All available allocations of 4 KiB or greater are in multiples of 4KiB, aligned to 4KiB boundaries, and locked to unchangeable physical memory addresses. This removes some of the burden of working with the storage subsystem, which requires these memory characteristics for any read or write from NVMe storage.
Allocated memory is delivered on the NUMA node on which the (pinned) application thread is running. In special circumstances, memory can be requested from a specific NUMA node.
There is no in-band metadata stored when memory is delivered to the application. Some allocators will use the first few bytes of an allocated region to track information related to the allocation. This can lead to fragmentation, as these bytes must be accounted for when attempting to use aligned memory for IO. If the application asks for a 4 KiB region, exactly that much is allocated, and it’s all delivered to the application.
The CPU cost of each allocation is extremely low. For most allocations, the time required is on the order of a few function calls, a few uncached accesses to memory, and a branch or two.
Each query executes using its own arena provided bythe memory allocator, to facilitate lossless return of all memory allocated to that query. The arena is entirely managed by the allocator subsystem, simplifying the application.
Access to a cross-query arena and the OS malloc allocator are also possible from within the application but are restricted to certain parts of the C++ client, and never used directly from the compiled query code.

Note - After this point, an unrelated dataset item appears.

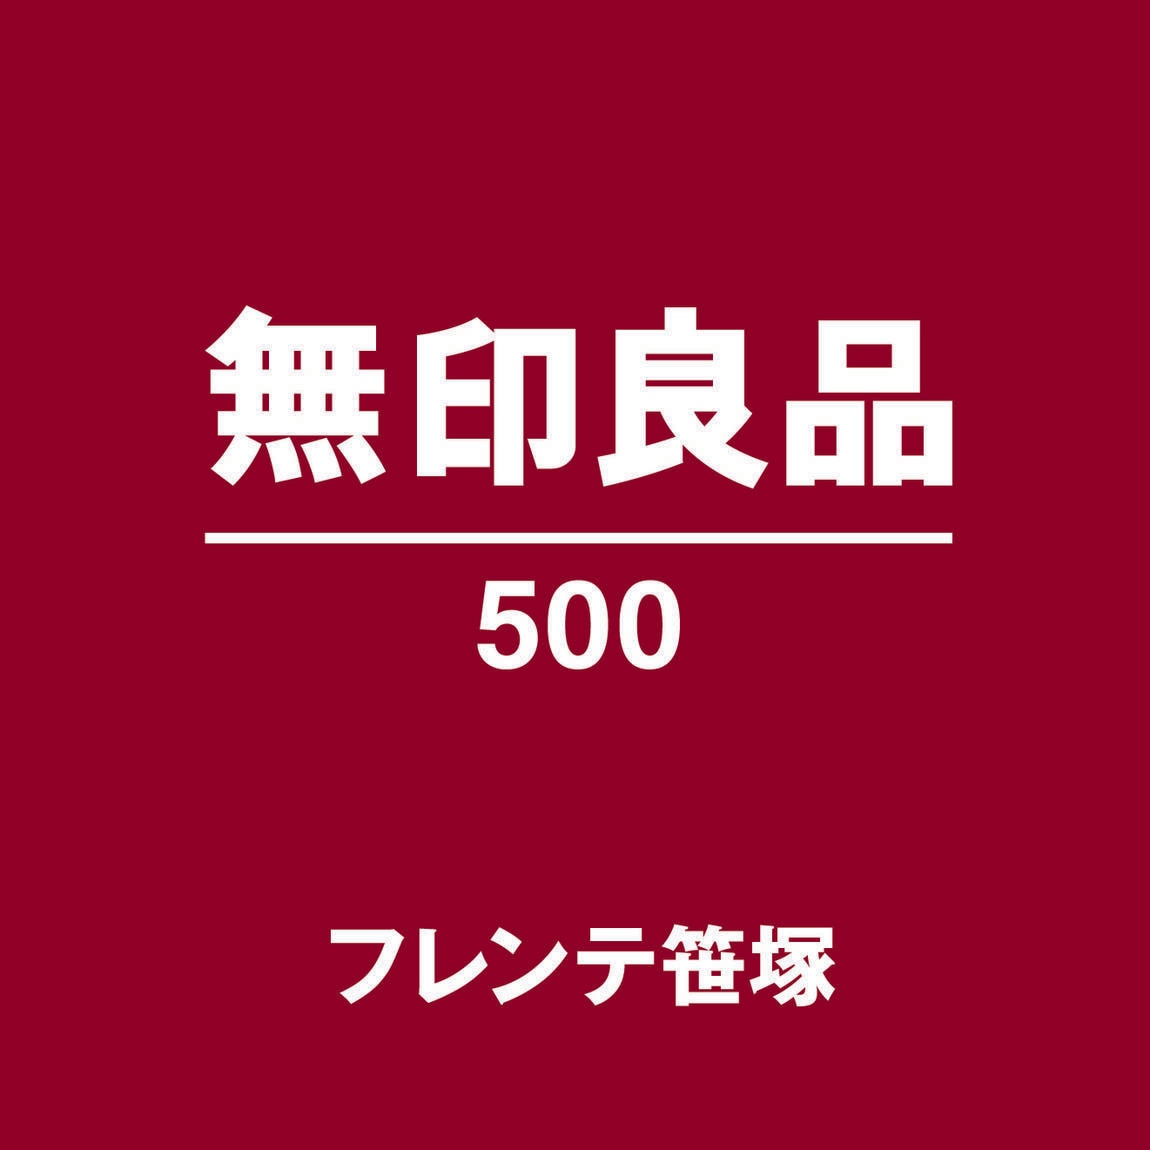 無印良品500フレンテ笹塚
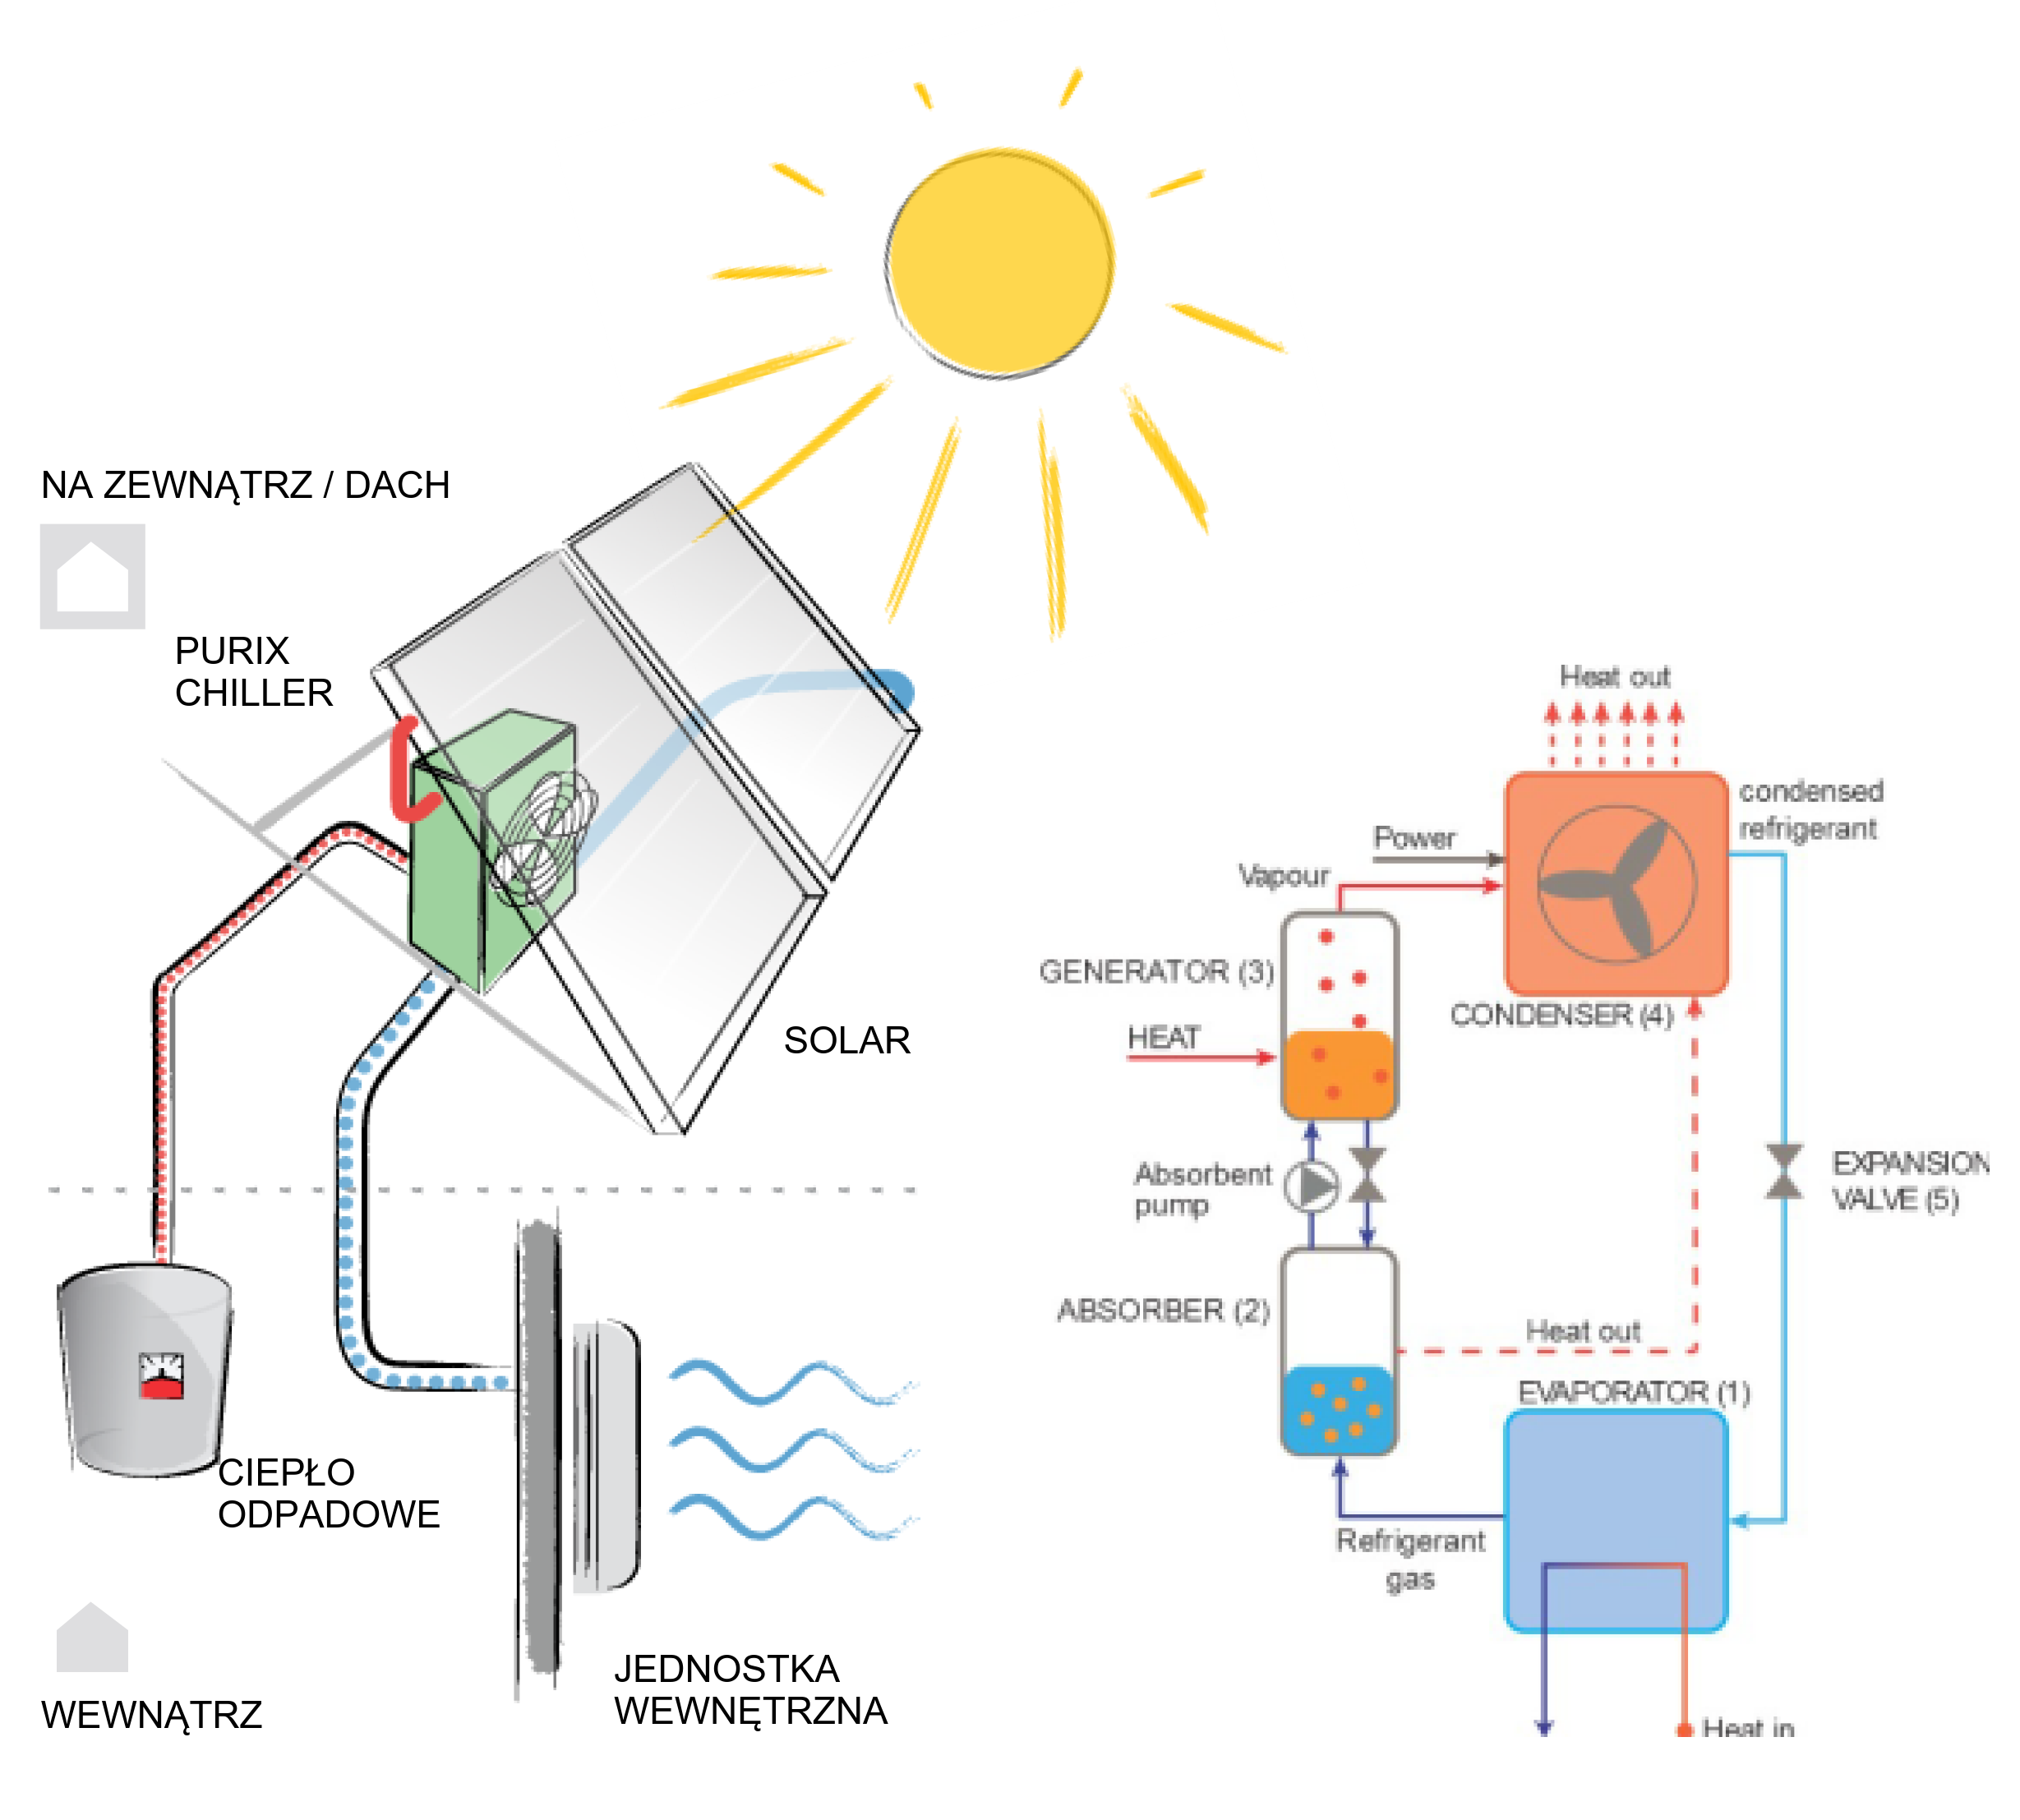 Purix chłodzenie solarne jak działa schemat

Interface with the Operating System

The memory allocator is initialized during initial setup of the C++ client. All memory to be used by the allocator is mmap’ed in one contiguous virtual address region. The mmap request and subsequent analysis guarantee that the allocator only uses memory that is in either 2 MiB or 1GiB HugePage blocks. The virtually contiguous HugePages need not be physically contiguous. The use of HugePages decreases the time required for the hardware to perform virtual-to-physical translation.

These initial pages are mlock’ed, forcing them to remain in memory at their initial physical addresses.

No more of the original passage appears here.